» **Recorded information**:
__________
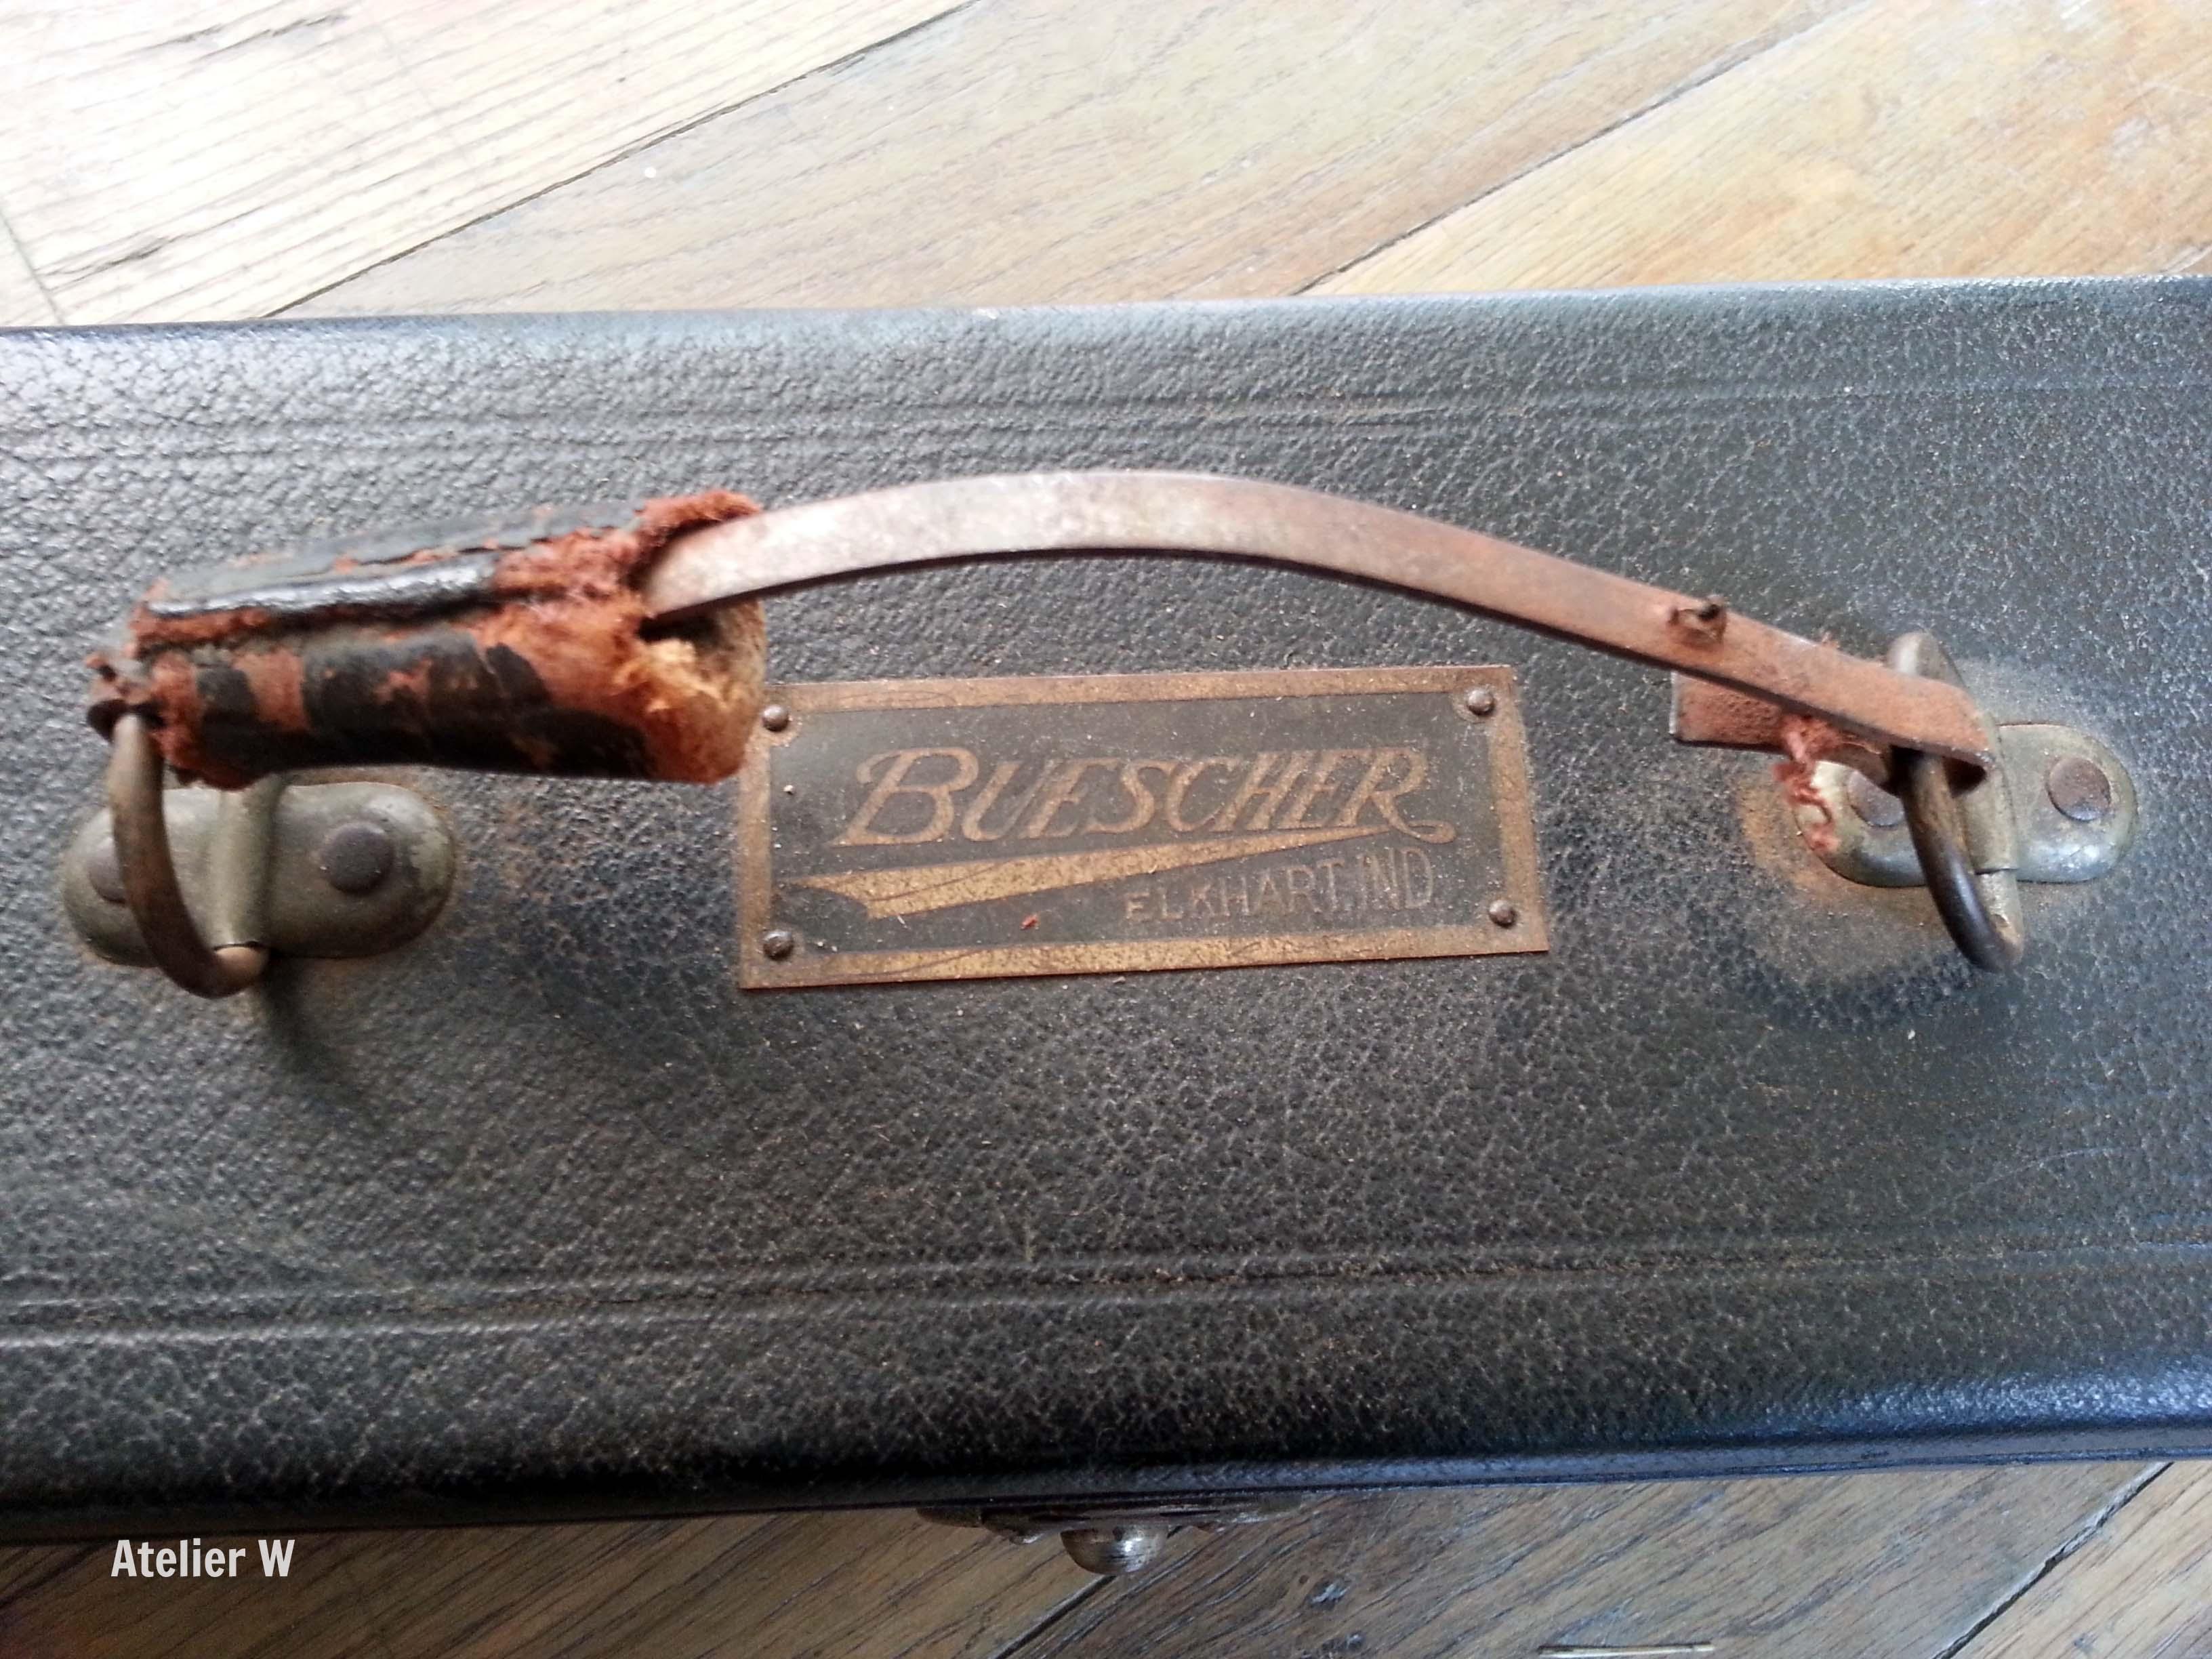 Soprano Buescher True Tone 1924: le dernier instrument de Sidney Bechet!
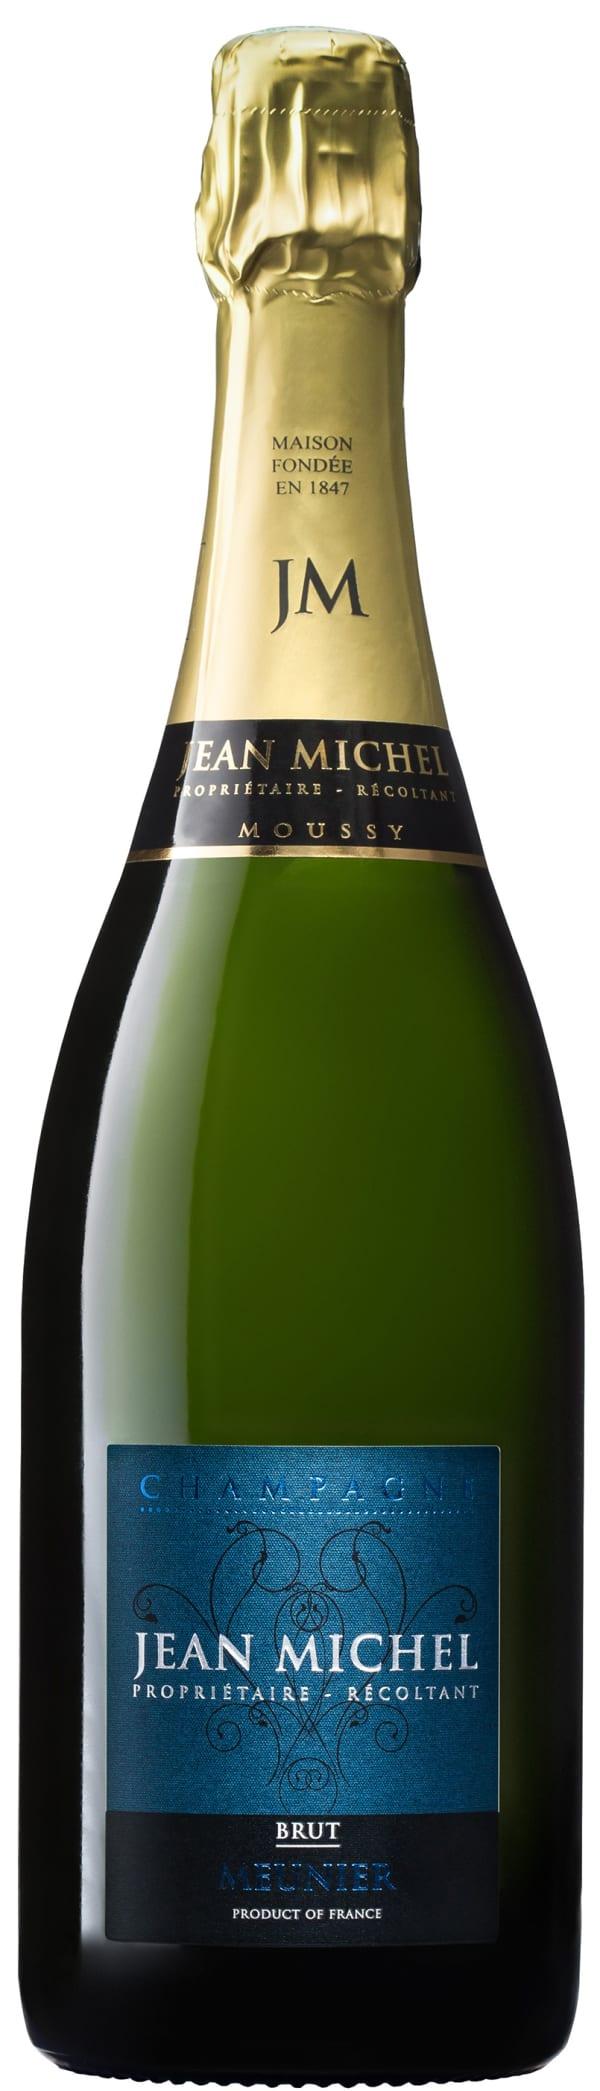 Jean Michel Meunier Champagne Brut 2014
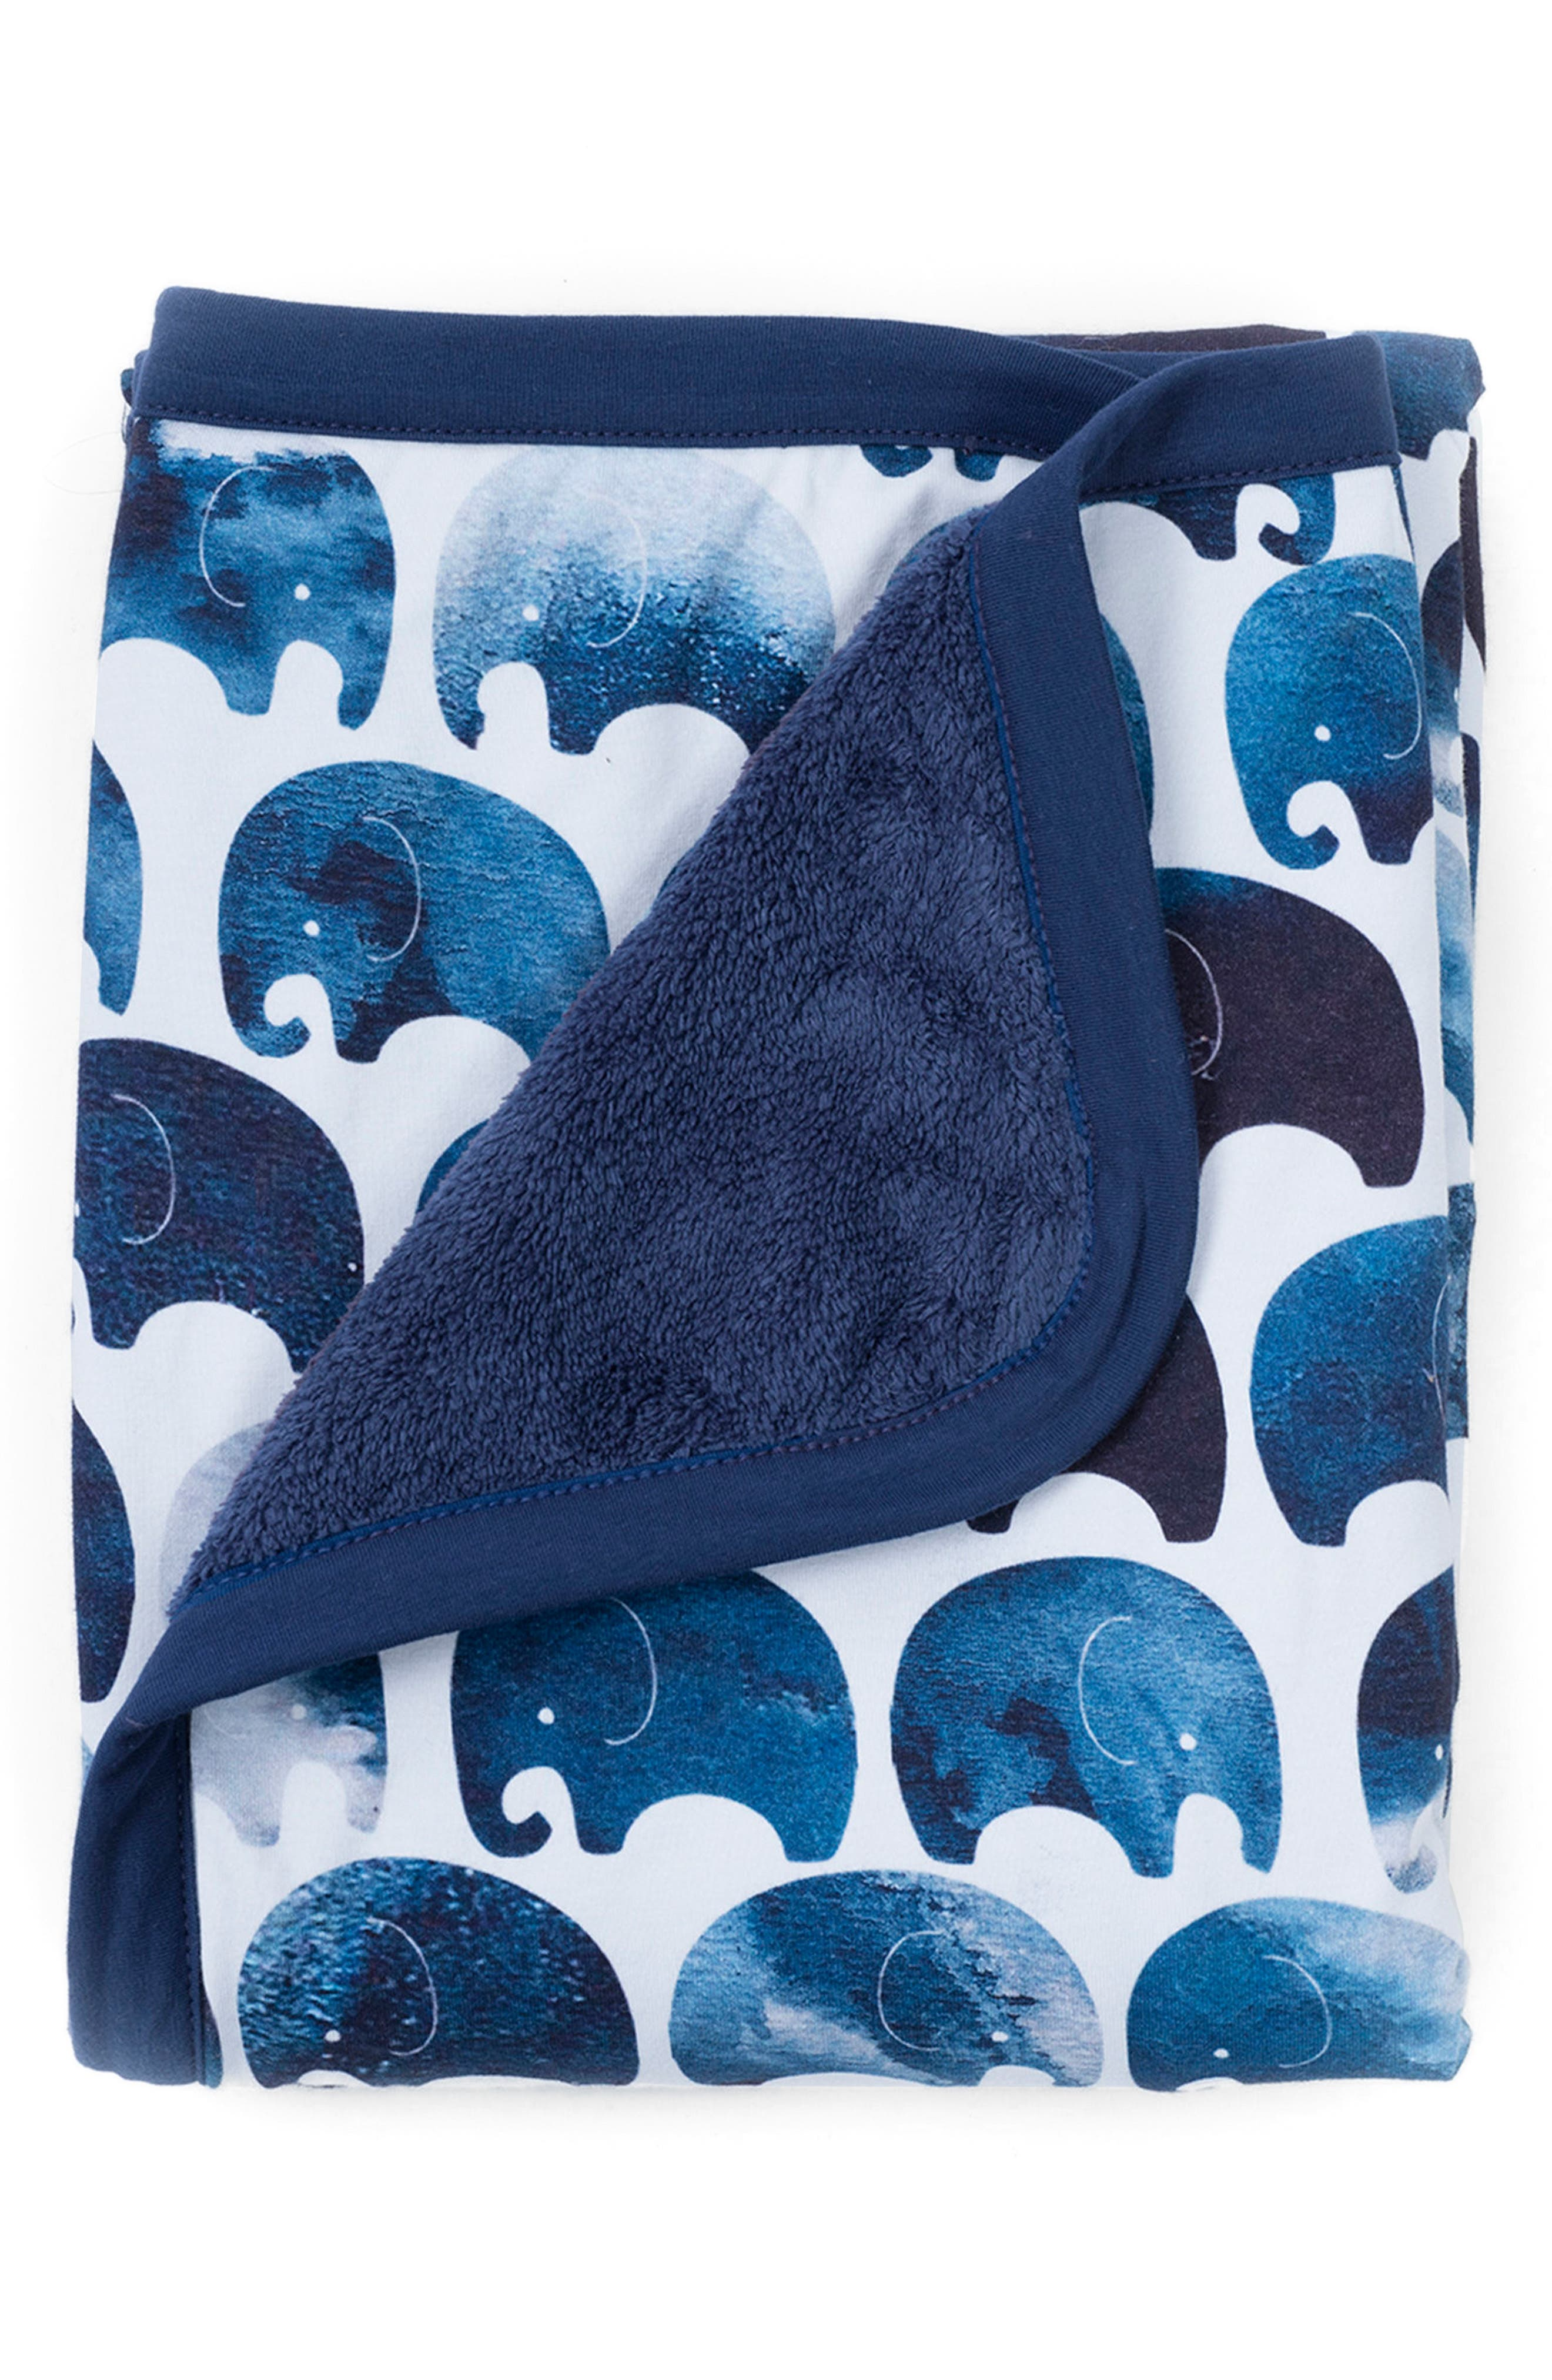 Elefant Blanket & Moon Pillow Set,                             Alternate thumbnail 3, color,                             ELEFANT
__________
» **Work task**:
All of the material above is to be copied exactly, except for its images.

» **Expected answer**:
 Soprano Buescher True Tone 1924: le dernier instrument de Sidney Bechet!
 Jean Michel Meunier Champagne Brut 2014
 Elefant Blanket & Moon Pillow Set,                             Alternate thumbnail 3, color,                             ELEFANT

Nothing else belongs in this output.